RJP-Nepal's threat (Editorial)

Editorial

    29-10-2018   

Politics tends to heat up after over a month-long festive season that starts with Dashain and ends with Chhath. This year it is the two largest Madhes-based parties that could cause the biggest ruction, and mount per­haps the first serious challenge to the mighty government of KP Sharma Oli. Numerically weak, they may not as yet be able to unseat Oli but they could make things rather dicey for him.PM Oli has time and again assured the Federal Socialist Forum Nepal (FSFN)—a part of the federal government Oli leads—and the Rastriya Janashakti Party Nepal (RJPN)—that supports the federal government but is not a part of it—that the constitution ‘should and will’ be amended as per their demands. He better do so, the two parties say, as only reason they supported his government was because of a credible assurance on amendment.

But seven and a half months into Oli’s prime ministerial-ship there has been no headway on that front. Chief among the Madheshi parties’ demands are revision of provincial borders, amendment in citizenship clauses, proportional represen­tation of Madhesis in state organs, and release of Madhesi cadres arrested during various protests. They also want RJPN’s Resham Chaudhary—who was elected to the federal lower house from Kailali district, but was barred from taking office after being accused of masterminding the killings of eight police officers during protests in 2015—sworn-in as a lawmaker.

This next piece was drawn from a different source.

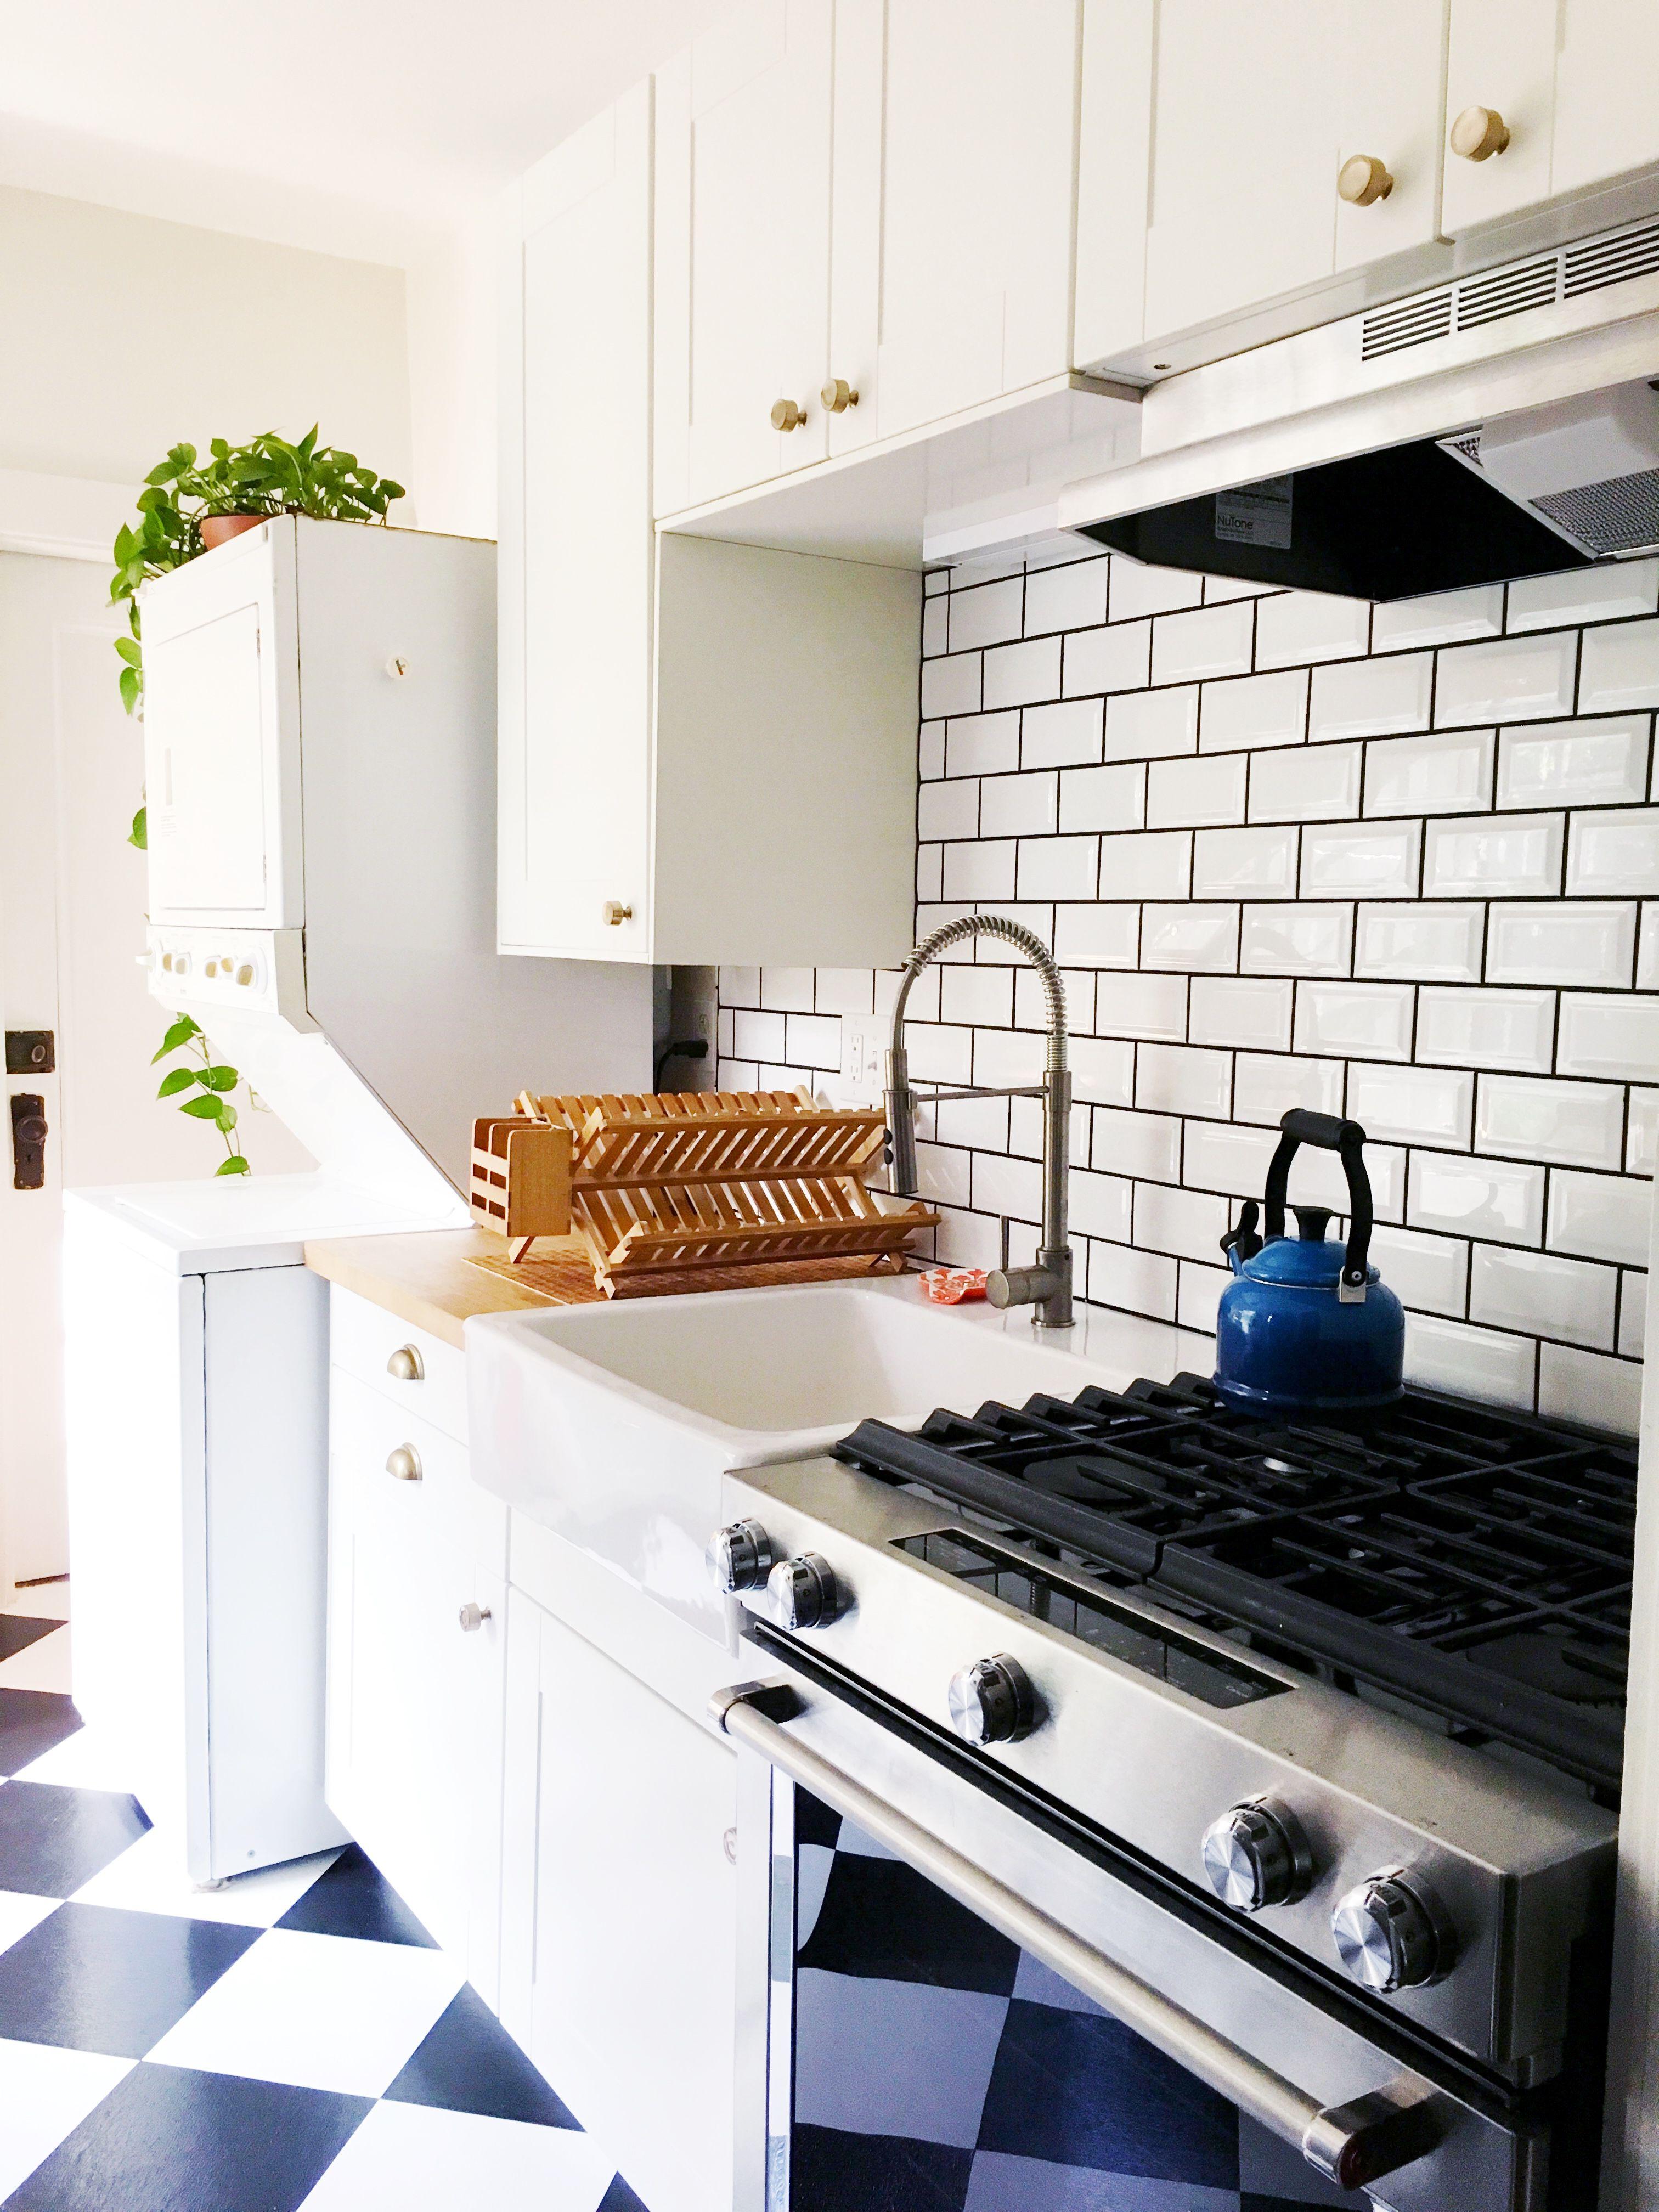 A Diy Designer Chronic Rearranger S Boston Condo Kitchen Cabinets Makeover Coastal Kitchen White Kitchen Cabinets

None of these demands will be easy to meet. The constitution makes redrawing provincial boundaries a herculean endeavor; most in the ruling NCP party deem even current citizenship provisions for Madhesis lax; on proportional representation, NCP is under tremendous pressure not to ‘dilute’ the rights of the Pahades in the name of empowering Madhesis; and the entire police apparatus will resist swear­ing-in Chaudhary. With the growing appeal of secessionist forces in Madhes, especially among its youth, token concessions from the NCP-led government will not cut ice. The two mainstream Madhesi parties fear irrelevance if they cannot wring out substantive constitutional changes from the federal government. But if the stalemate persists even after Chhath, it is not farfetched to imagine the two parties making common cause with extremists like CK Raut. In fact, there have been plenty of hints that they are contem­plating this course. As Oli strives to keep his own wrangling party in order he will have his task cut out managing the growing challenge from Tarai-Madhesh as well.